Ahmet Zeki Üçok, yaşanılanların çok tehlike olduğu, fakat yalnızca TSK’de yaşanmadığı görüşünü lisana getirdi:
- Her yerde bilhassa de TSK üzere ülkenin bekasına direkt tesirli olan, ülkenin güvenlik bürokrasisindeki Emniyet teşkilatı, Adalet Bakanlığı, Ulusal İstihbarat Teşkilatı üzere kurumlarda artık ‘Ben A tarikatındayım, Hasan’ın bilmemnesiyim, şu partide ağabeyim var’ üzere referansların ortadan kaldırılmalı ve ülkenin geleceği olan bu kurumlarda bilhassa büsbütün liyakate yönelik bir terfi, kabul sistemi uygulanmalı.
- Ancak, herkesin gözü bu kurumlarda.

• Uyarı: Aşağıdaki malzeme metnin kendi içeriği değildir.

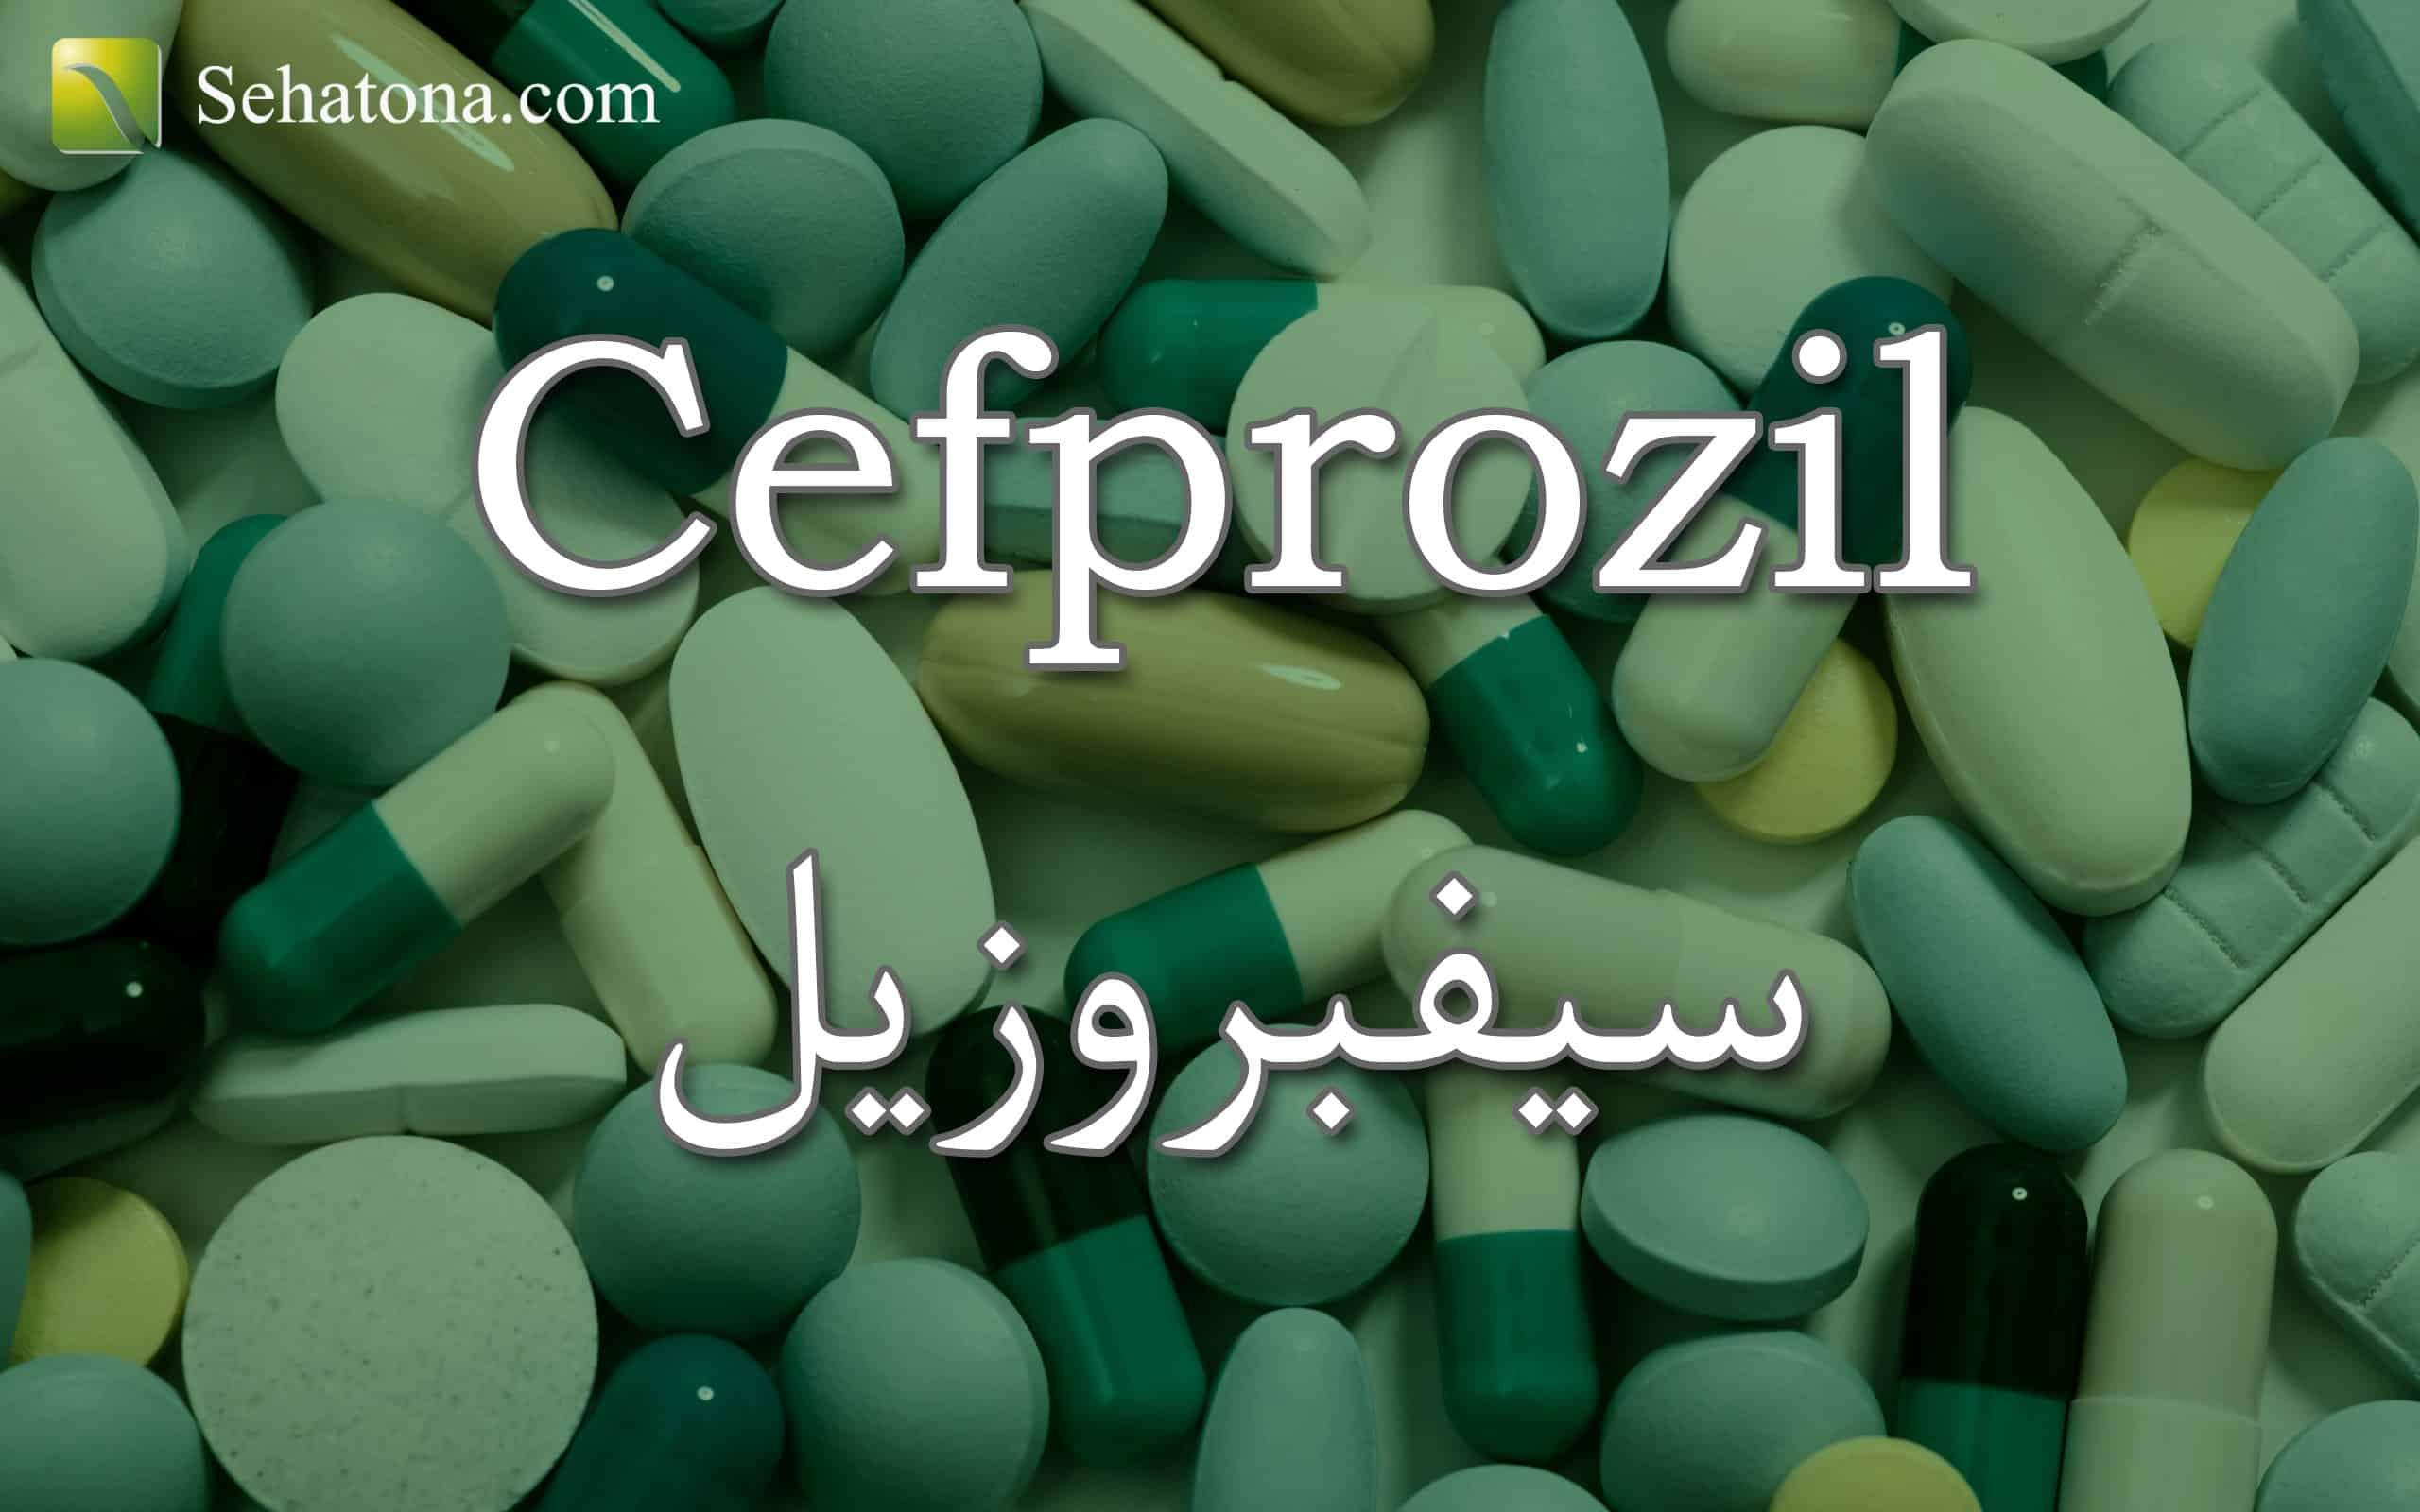 Cefprozil

Zira herkes bu kurumlarda tesirli olup, ülkenin geleceği üzerinde kelam sahibi olmak istiyor. Buna müsaade veren bir iktidarın varlığıyla gücü yeten burada örgütlenmek istiyor.

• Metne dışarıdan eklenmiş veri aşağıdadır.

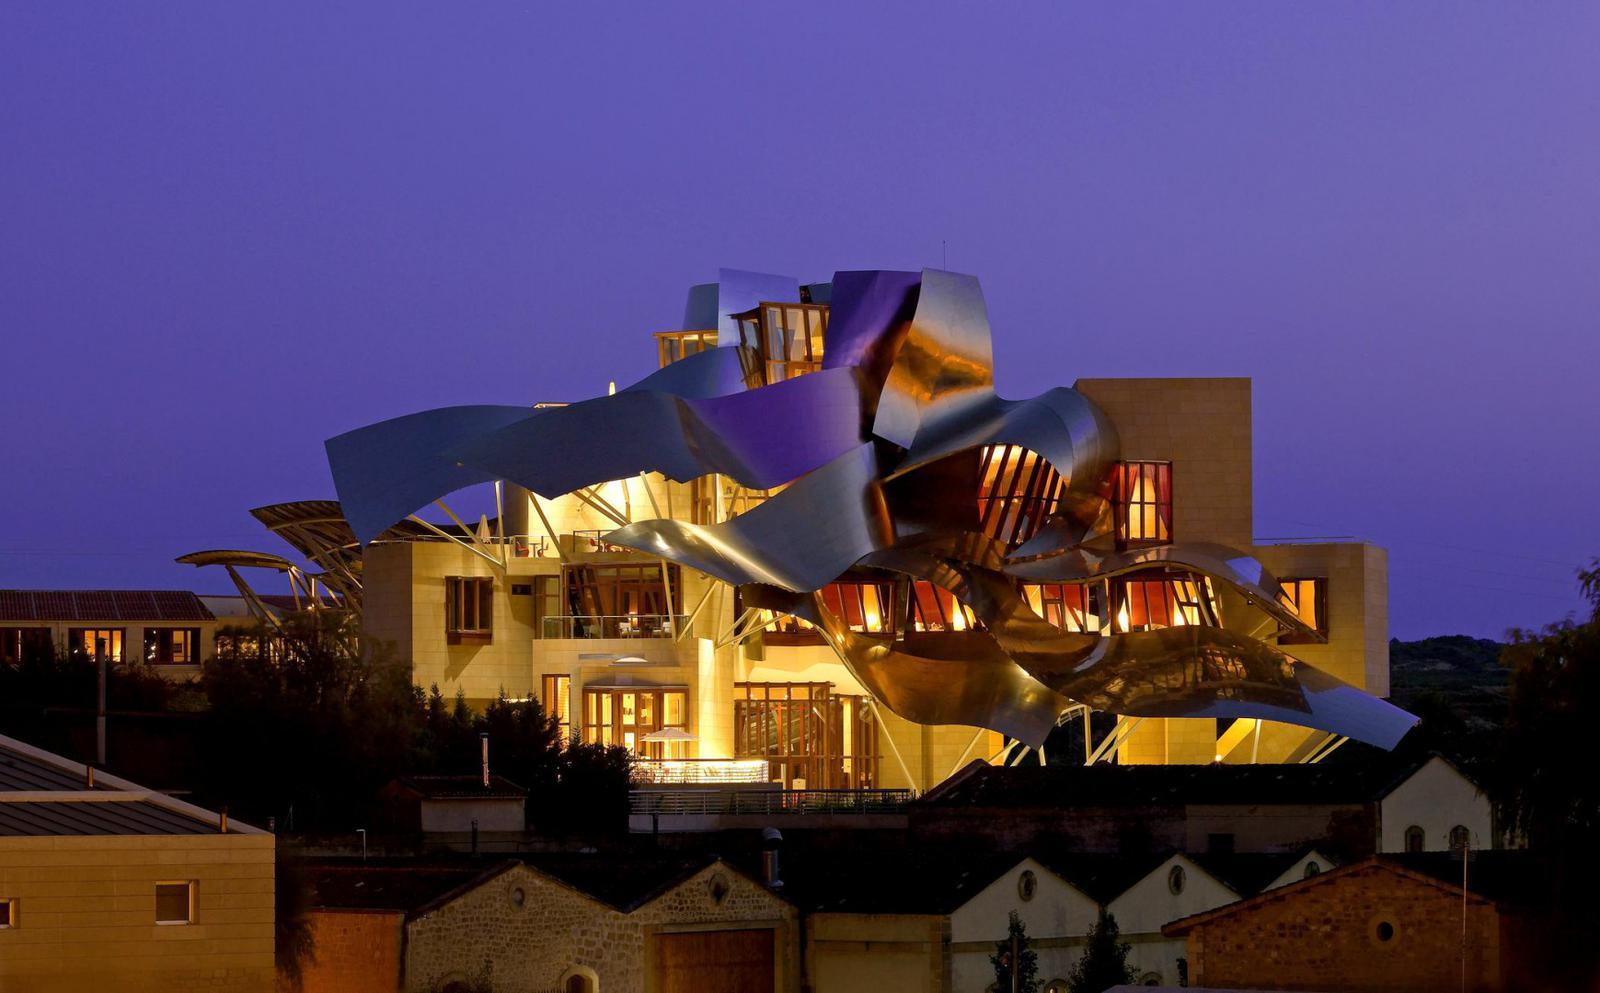 hoteles impresionantes Hotel Marqués de Riscal

- Şu andaki Ak Parti iktidarı ne yazık ki bugüne kadar tarikatlarla çok iç içe oldu. Bu nedenle bu süreçleri olağan karşılıyorlar. Birisi, A cemaatindense o yeterli diye düşünüyorlar.
“BU SÜRECİN BİR AN EVVEL ÖNÜNE GEÇİLMELİ DÜN 15 TEMMUZ OLDU YARIN BAKARSINIZ ÖBÜR BİR ŞEY OLUR”

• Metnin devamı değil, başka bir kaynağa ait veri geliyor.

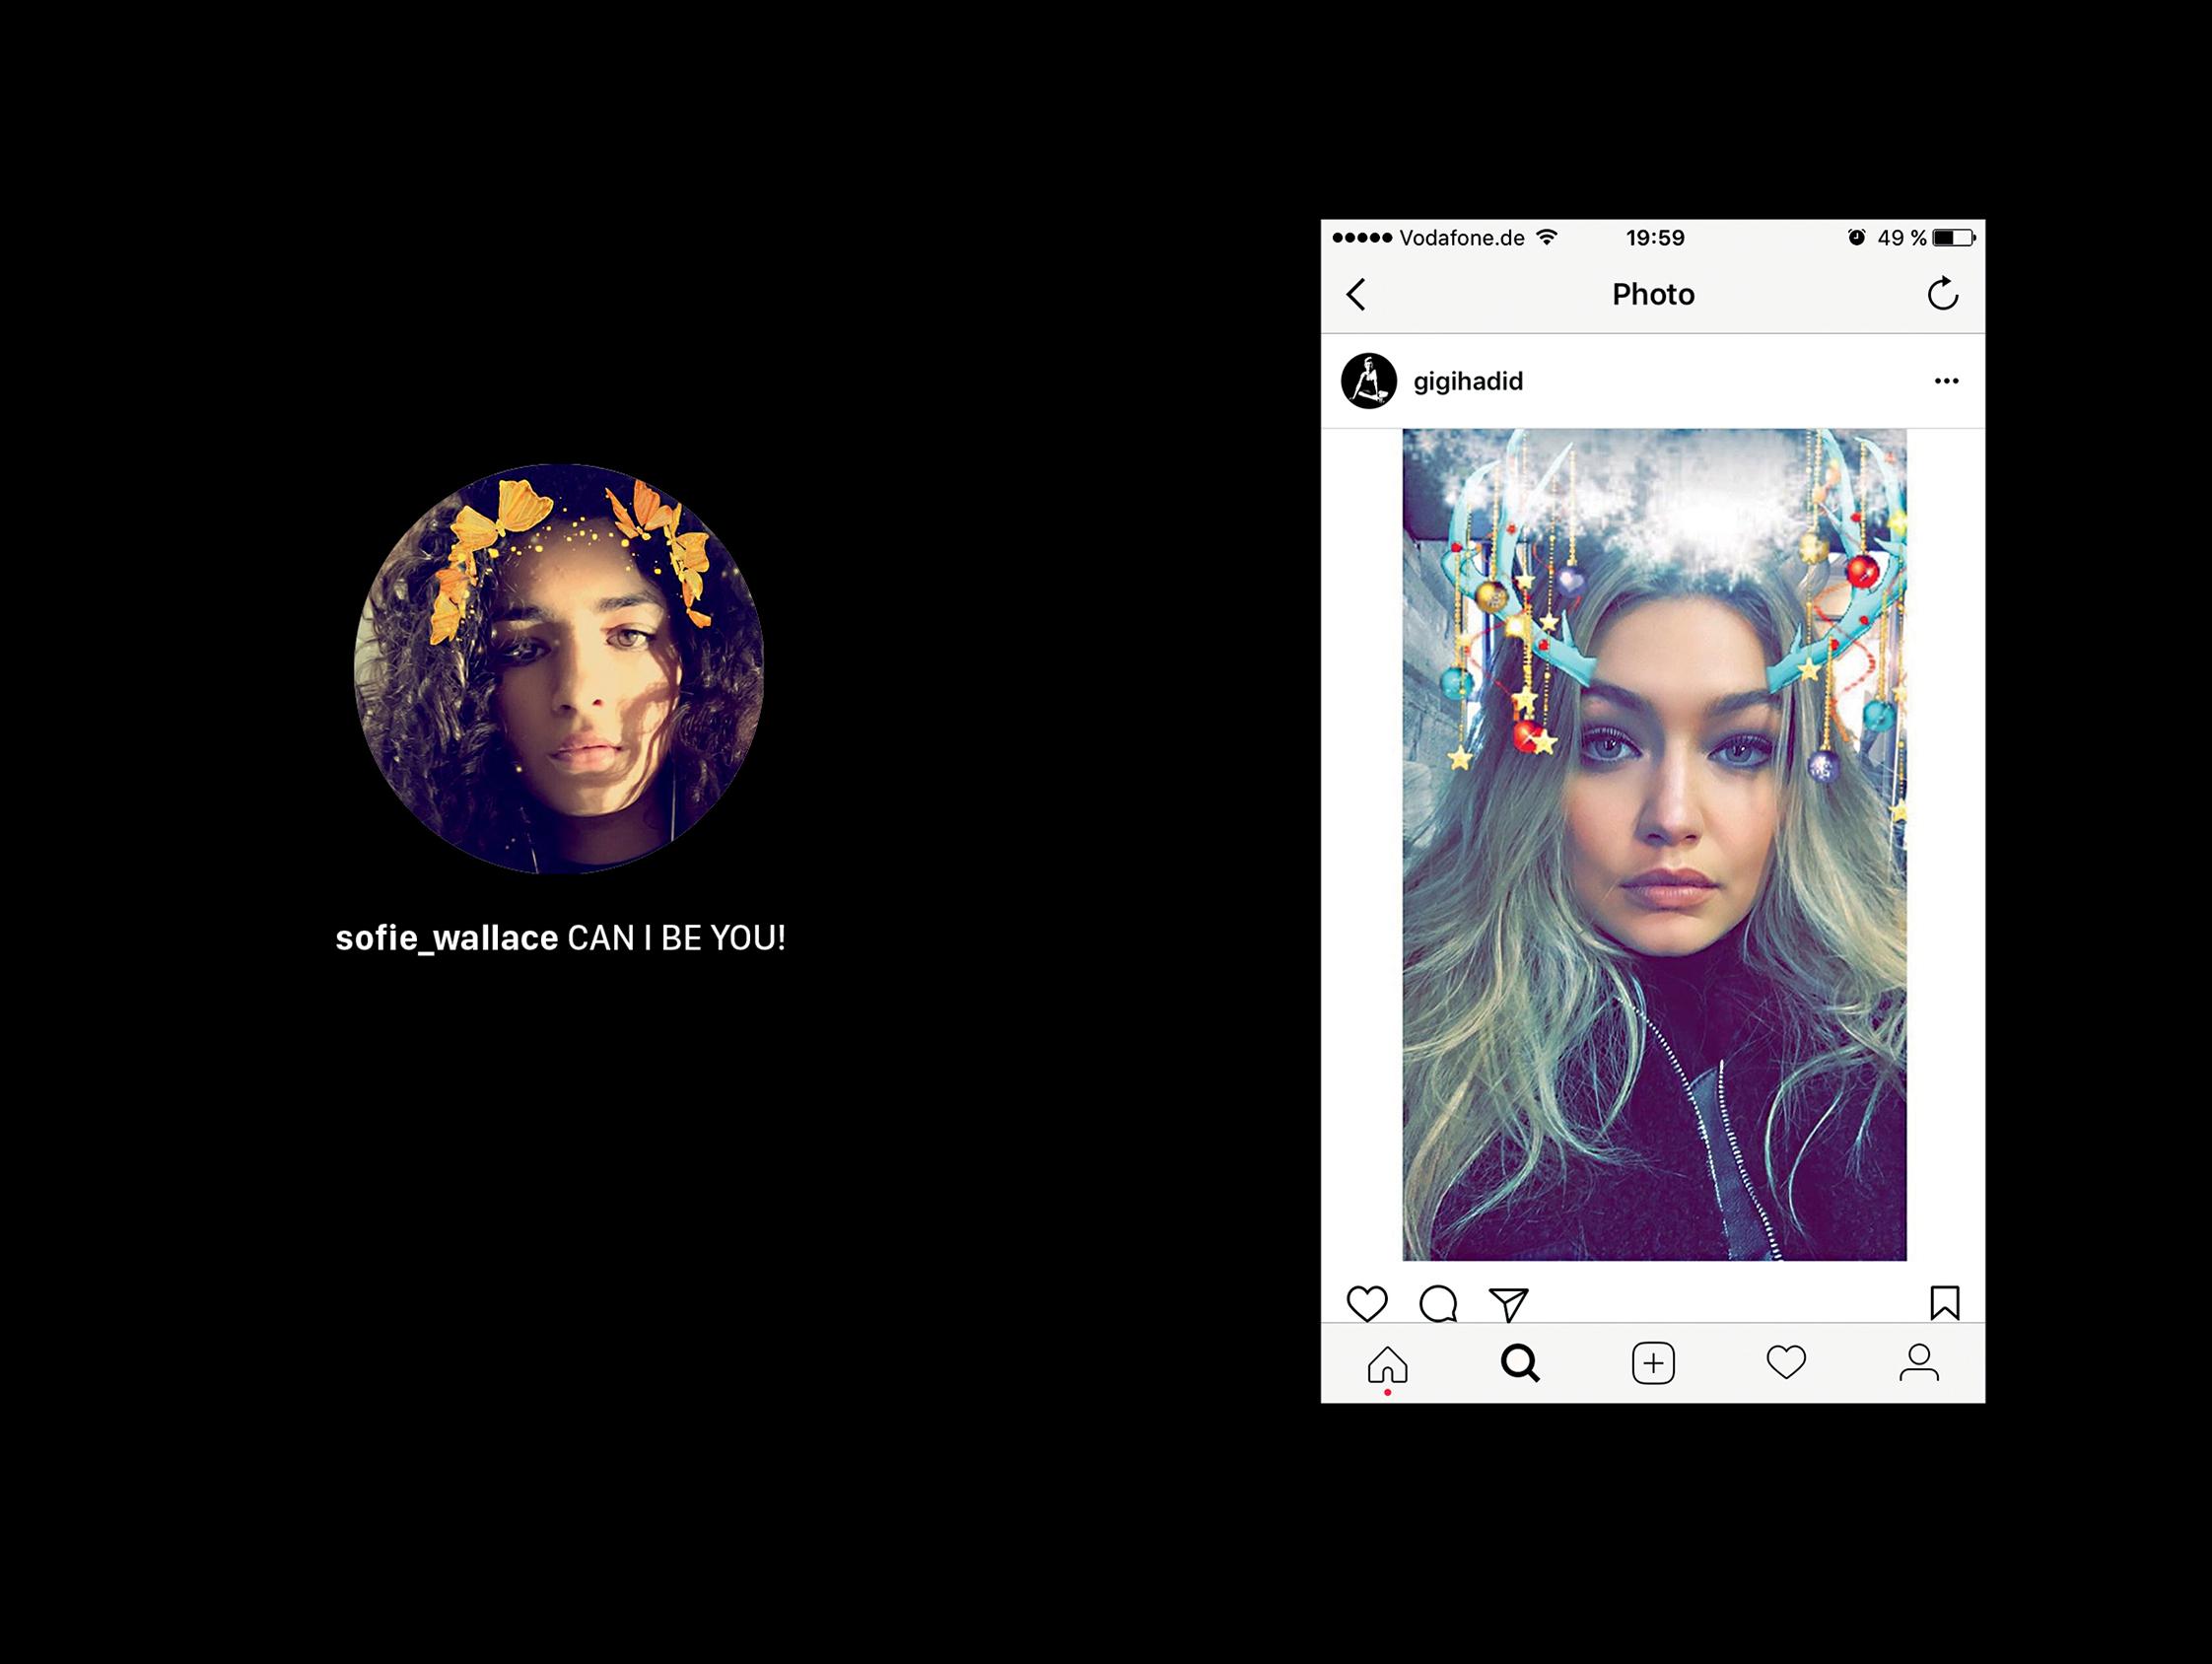 GIGI HADID, Instagram, selfie, art, appropriation, influencer, follow, follower, comment, emoji, beauty, worship, photography, book, RELICS, Hatje Cantz, © 2017 Chris Drange

“FETÖ üzere bir örgütlenme TSK’de olabilir mi?” sorusu üzerine Ahmet Zeki Üçok, kısa mühlet içerisinde olamayacağı kanısında. Münasebetini de şöyle açıkladı:
- Çünkü FETÖ, yaklaşık 50-60 yıllık bir çalışmanın sonucunda ve dünyanın en kıymetli istihbarat ünitelerinin koordinesiyle oluşturulmuş bir örgütlenme yapılanması. Şu anda Türkiye’deki cemaatlerde böylesine FETÖ üzere bir yapılanmanın daha emarelerini görmüyoruz. Lakin görmeyeceğimiz manasına gelir mi? Gelmez.
- O yüzden her şey hukukun içerisinde yapılmalı, liyakate dayanmalı. Cemaat ya da siyasi yakınlıkla kurumlara insanların yerleştirilmemesi lazım. Dün 15 Temmuz oldu yarın bakarsınız diğer bir şey olur… Bu sürecin bir an evvel önüne geçilmeli.
- Atatürk’ün bir periyot yaptığı üzere cemaatleri, tarikatları kendi din işleri içerisinde ibadetlerini yapmalı. Şahısların, tarikatların devletin içerisinde adeta o kurumun sahibiymiş üzere konumlanmaması lazım. Kimi bakanlıklarda A tarikatı hakim kimi bakanlıklarda B tarikatı hakim üzere hallere getirilmeyecek bir sürecin başlaması ve bunlara karşı kesinlikle tedbirleri almamız lazım.
Ahmet Zeki Üçok, toplumun bu bahisleri tartışması gerektiği ve bunların ortaya çıkmasının değerli olduğunu belirterek, mevzuyu gündeme taşıyan Barış Terkoğlu’na teşekkür etti.